In order to obtain an adequate conception of what this limitation is, it is necessary to first imagine beings existing in a space more limited than that in which we move. Thus we may conceive a being who has been throughout all the range of his experience confined to a single straight line. Such a being would know what it was to move to and fro, but no more. The whole of space would be to him but the extension in both directions of the straight line to an infinite distance. It is evident that two such creatures could never pass one another. We can conceive their coming out of the straight line and entering it again, but they having moved always in one straight line, would have no conception of any other direction of motion by which such a result could be effected. The only shape which could exist in a one-dimensional existence of this kind would be a finite straight line. There would be no difference in the shapes of figures; all that could exist would simply be longer or shorter straight lines.
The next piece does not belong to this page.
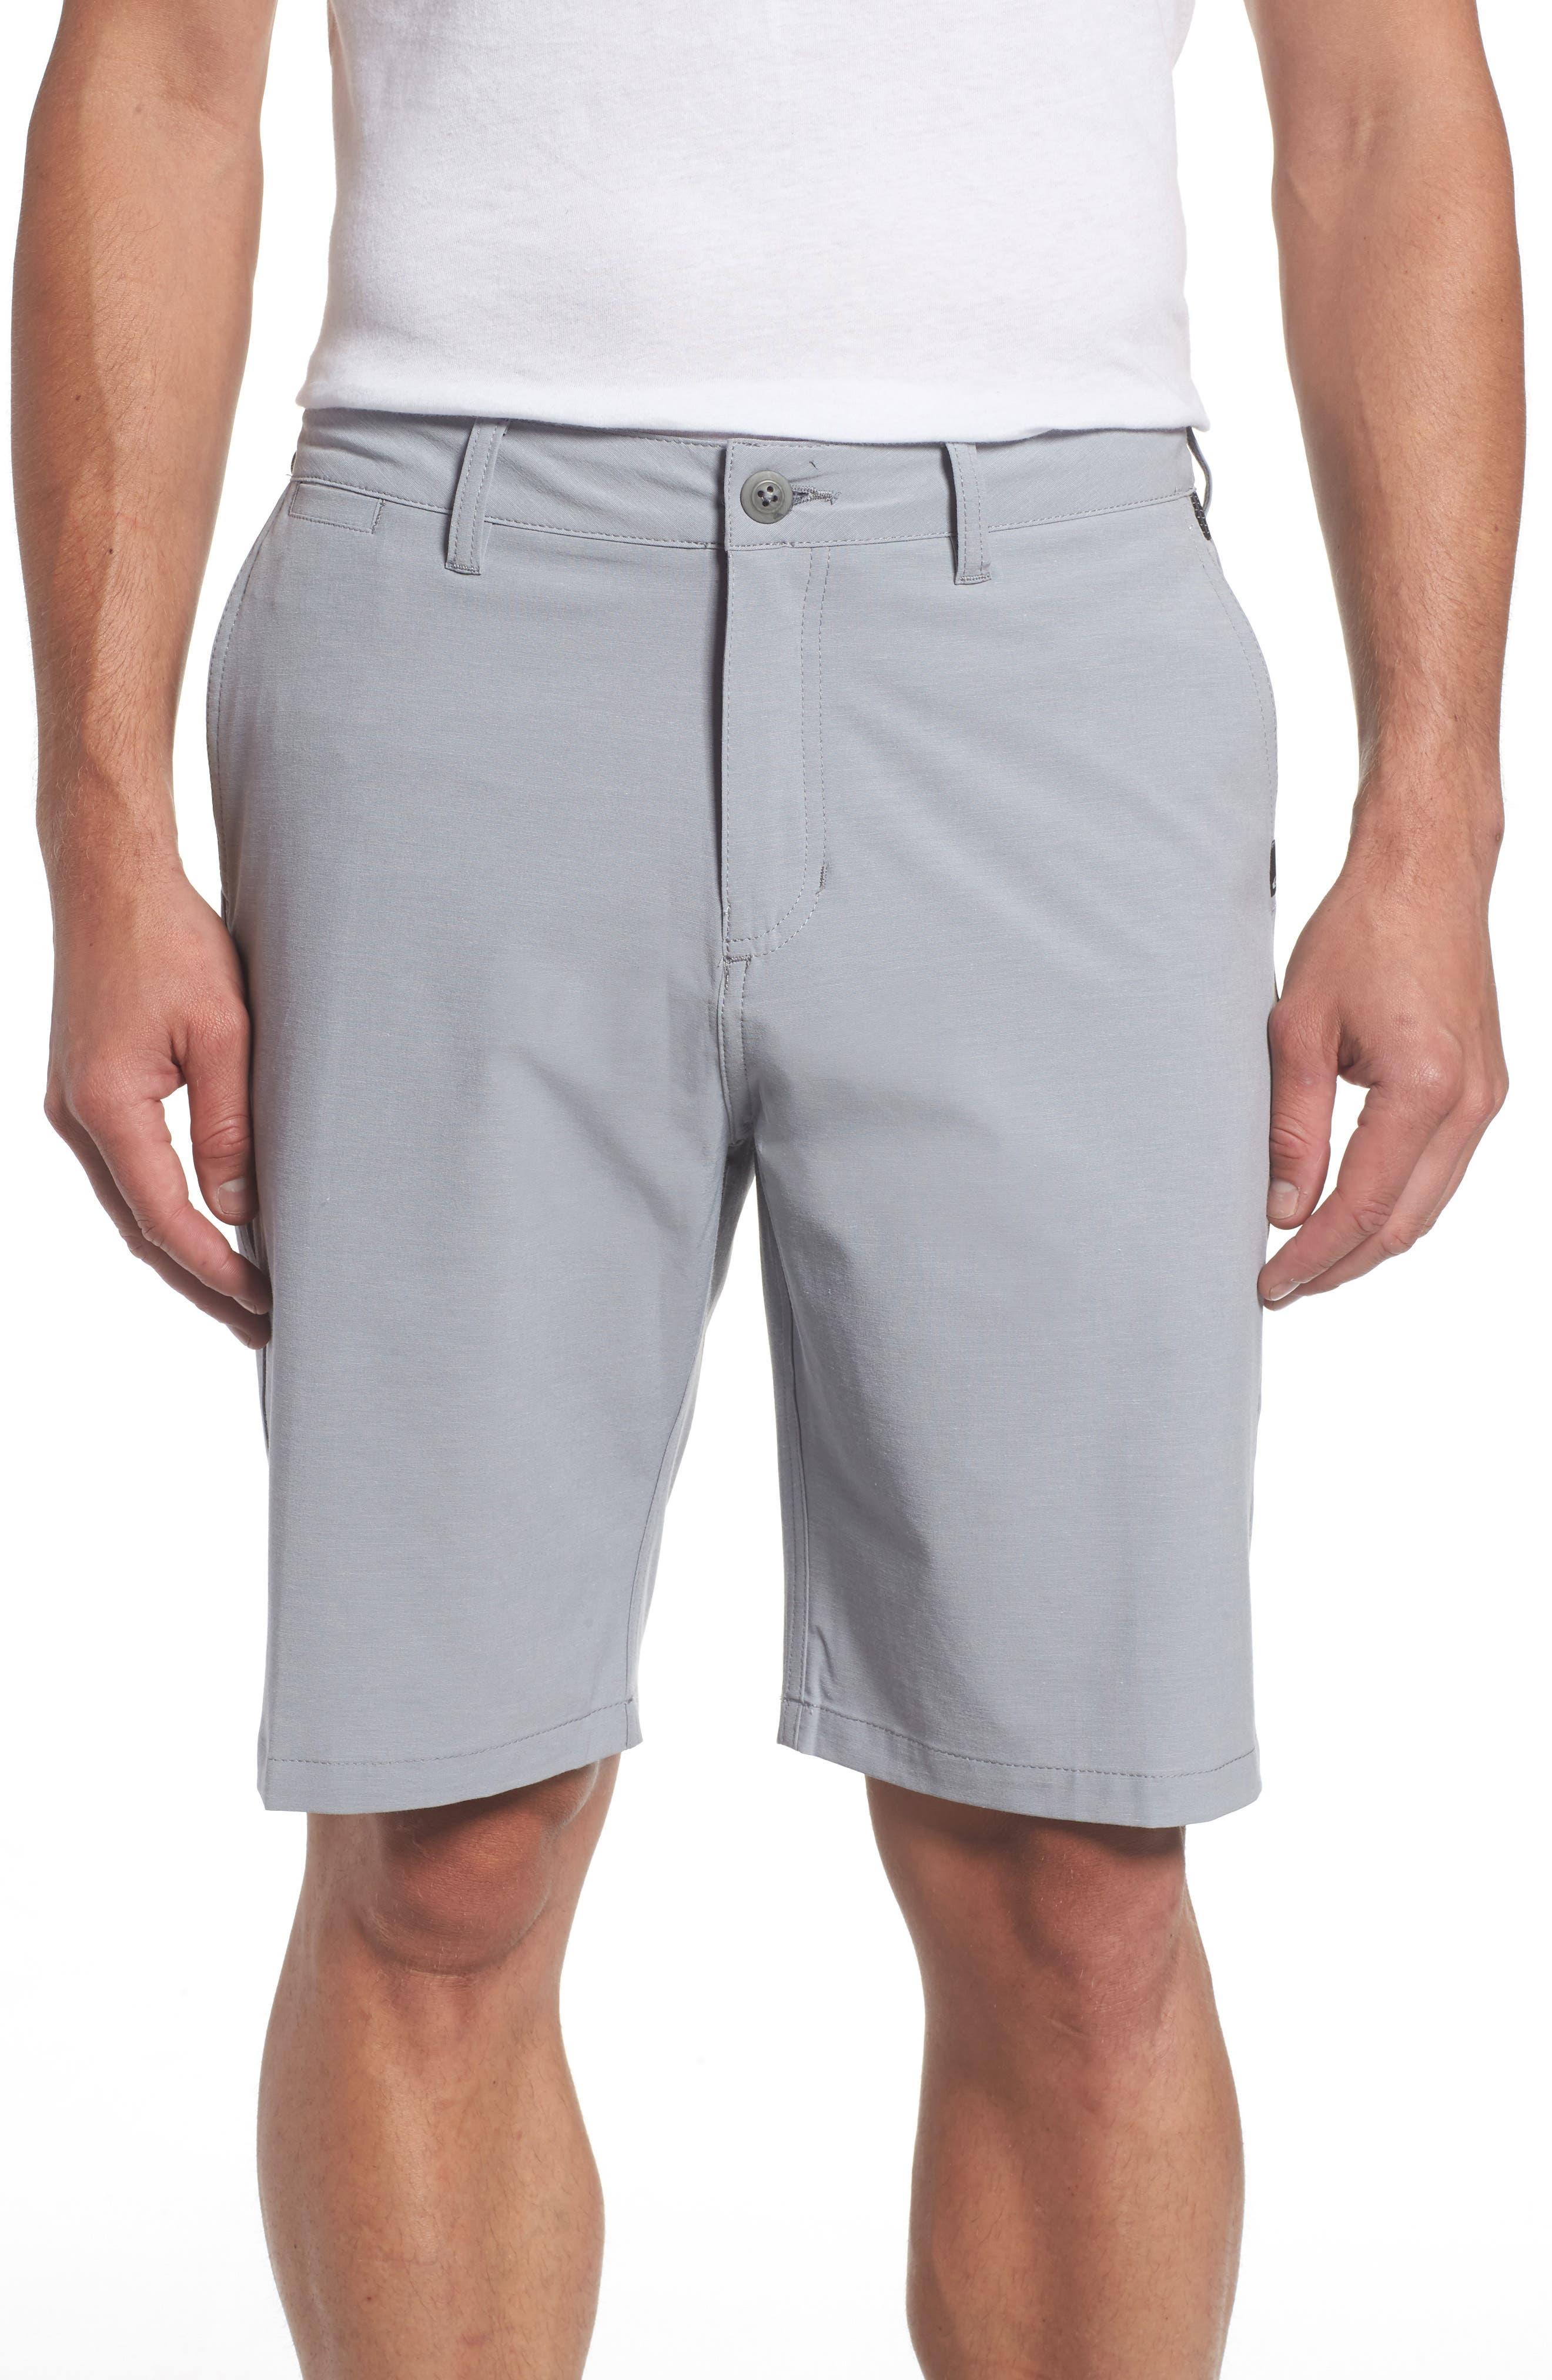 Quiksilver Union Amphibian Hybrid Shorts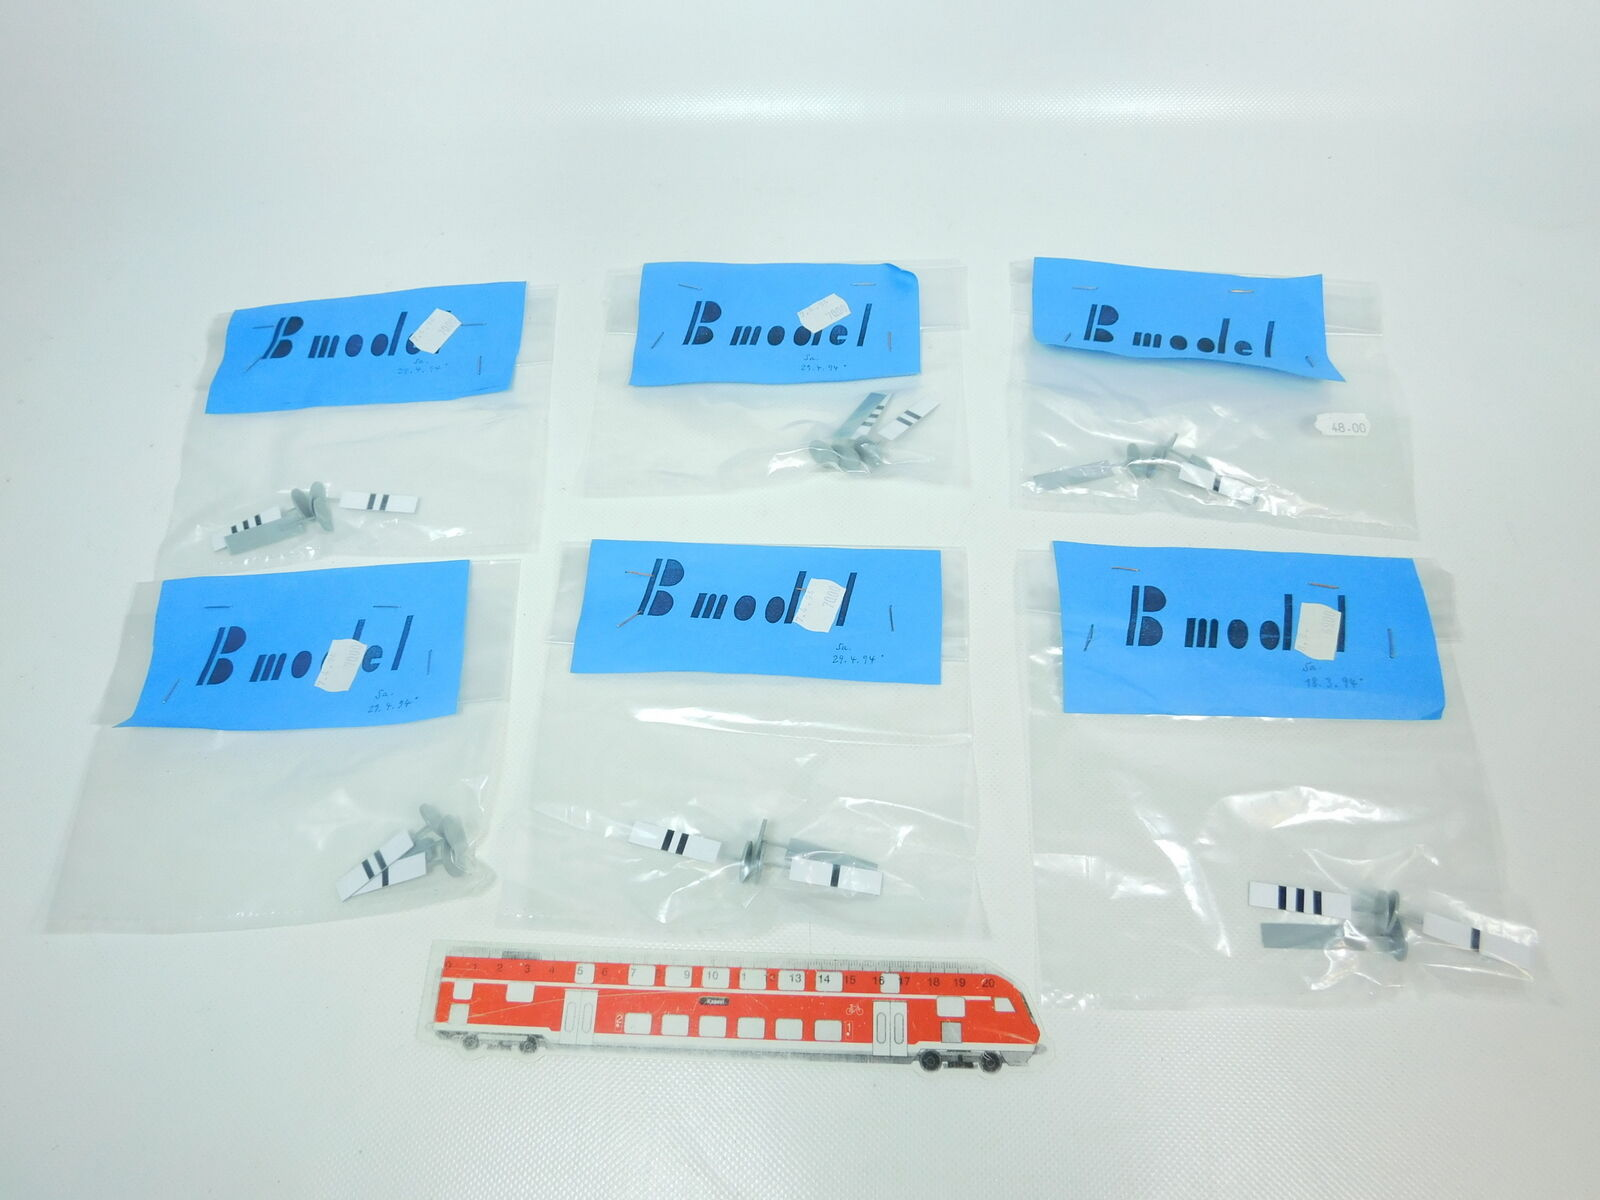 BR265-0,5  6x B Model   Ets   Traccia 0 Pacco Warnbake / Leitbake, Nuovo + Ovp

Again, to go a step higher in the domain of a conceivable existence. Suppose a being confined to a plane superficies, and throughout all the range of its experience never to have moved up or down, but simply to have kept to this one plane. Suppose, that is, some figure, such as a circle or rectangle, to be endowed with the power of perception; such a being if it moves in the plane superficies in which it is drawn, will move in a multitude of directions; but, however varied they may seem to be, these directions will all be compounded of two, at right angles to each other. By no movement so long as the plane superficies remains perfectly horizontal, will this being move in the direction we call up and down. And it is important to notice that the plane would be different to a creature confined to it, from what it is to us. We think of a plane habitually as having an upper and a lower side, because it is only by the contact of solids that we realize a plane. But a creature which had been confined to a plane during its whole existence would have no idea of there being two sides to the plane he lived in. In a plane there is simply length and breadth. If a creature in it be supposed to know of an up or down he must already have gone out of the plane.
In normal states known to us, we have three separate things – The Known, The Knower and the Knowledge (Object, Subject, Process). In Yogic literature, it is said that when the separation vanishes (all 3 merge into one), the knowledge is Real and Complete. There are no mistakes of perception. This is called Turiya. A person who is really interested in knowing should strive to reach this state. Until then, he or she does not really know.